PROBLEM REQUIREMENTS: Each line below needs to be returned exactly. Skip any picture.

═══ PROVIDED MATERIAL

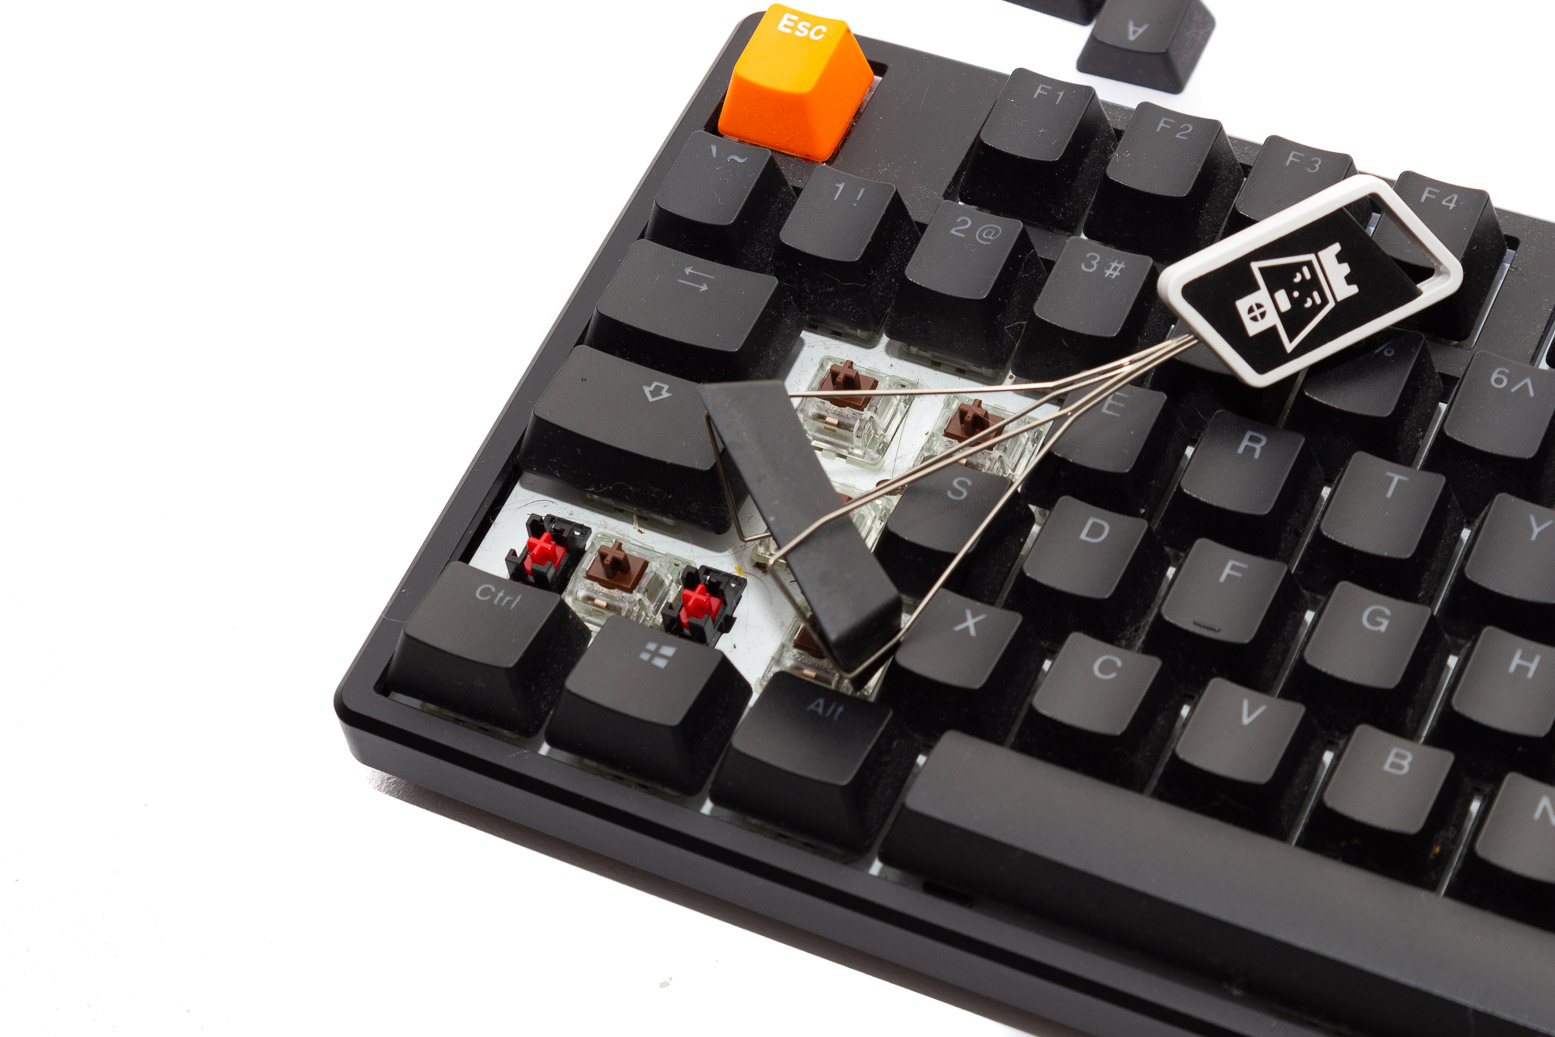 Clean the key switch and the underside of the keycap using compressed air or a soft brush.
Reattach the keycap by aligning it properly and pressing it down firmly until it snaps into place.
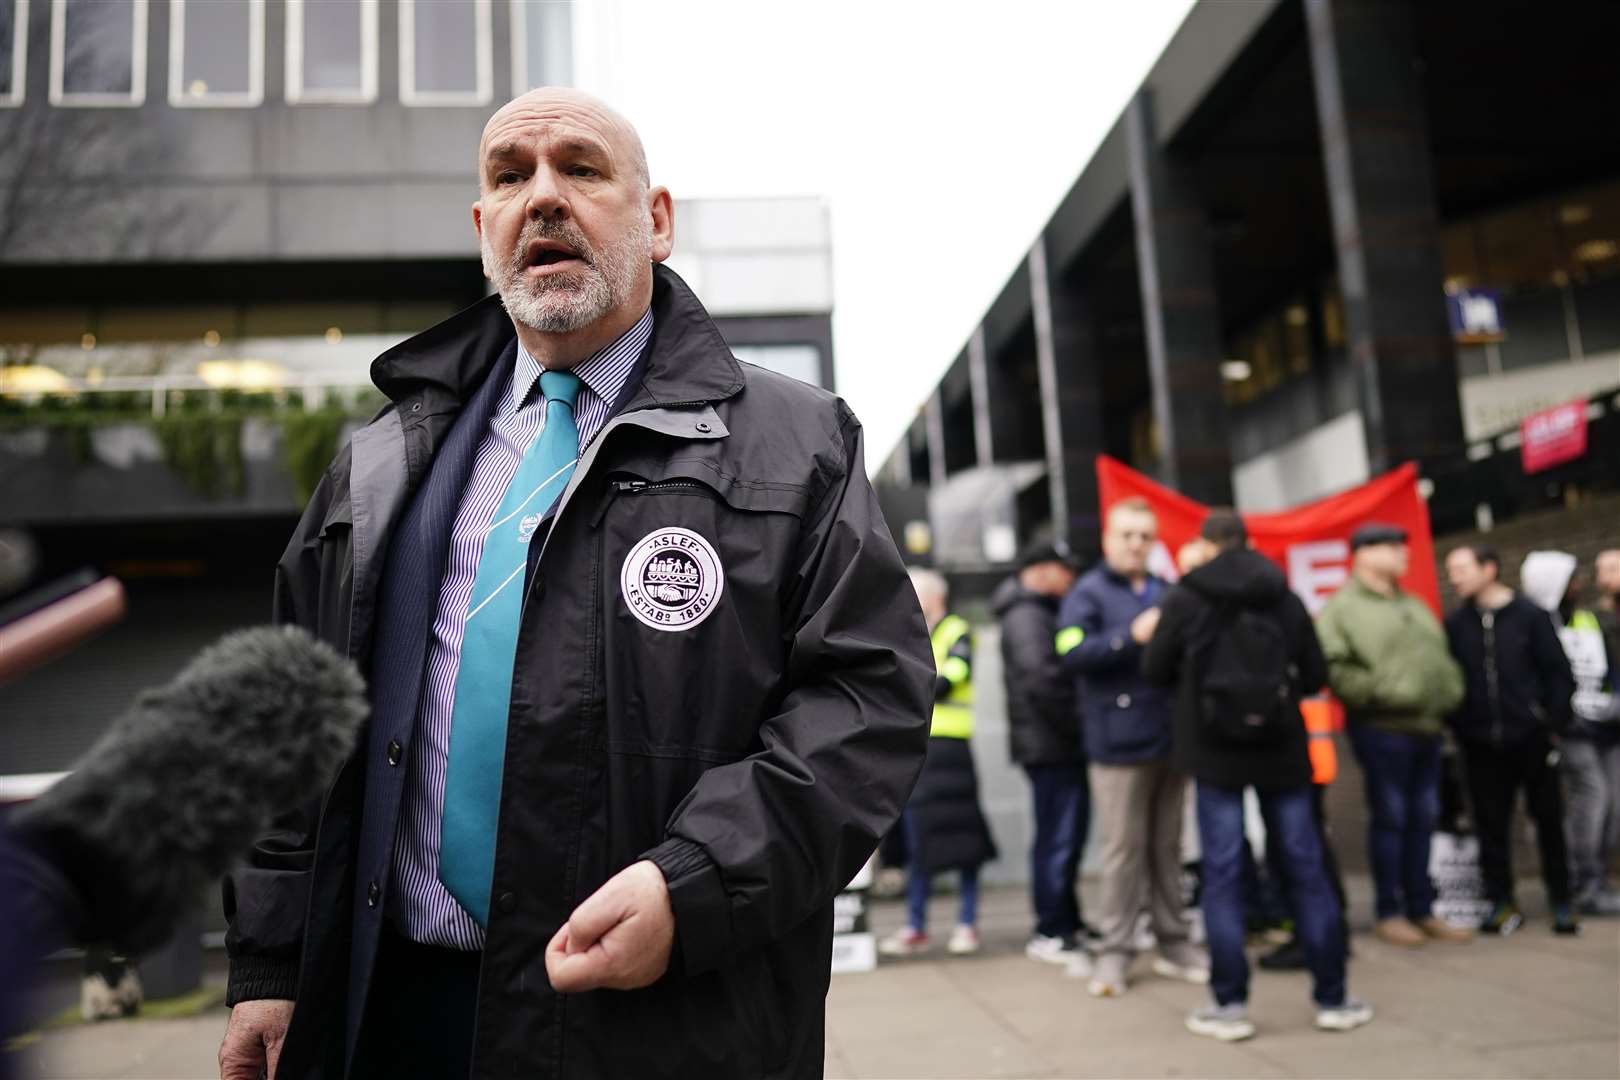 Aslef leader Mick Whelan speaks to the media on the picket line at London Euston station on Thursday (Aaron Chown/PA)

══════

EXERCISE ANSWER:
 Clean the key switch and the underside of the keycap using compressed air or a soft brush.
Reattach the keycap by aligning it properly and pressing it down firmly until it snaps into place.
 Aslef leader Mick Whelan speaks to the media on the picket line at London Euston station on Thursday (Aaron Chown/PA)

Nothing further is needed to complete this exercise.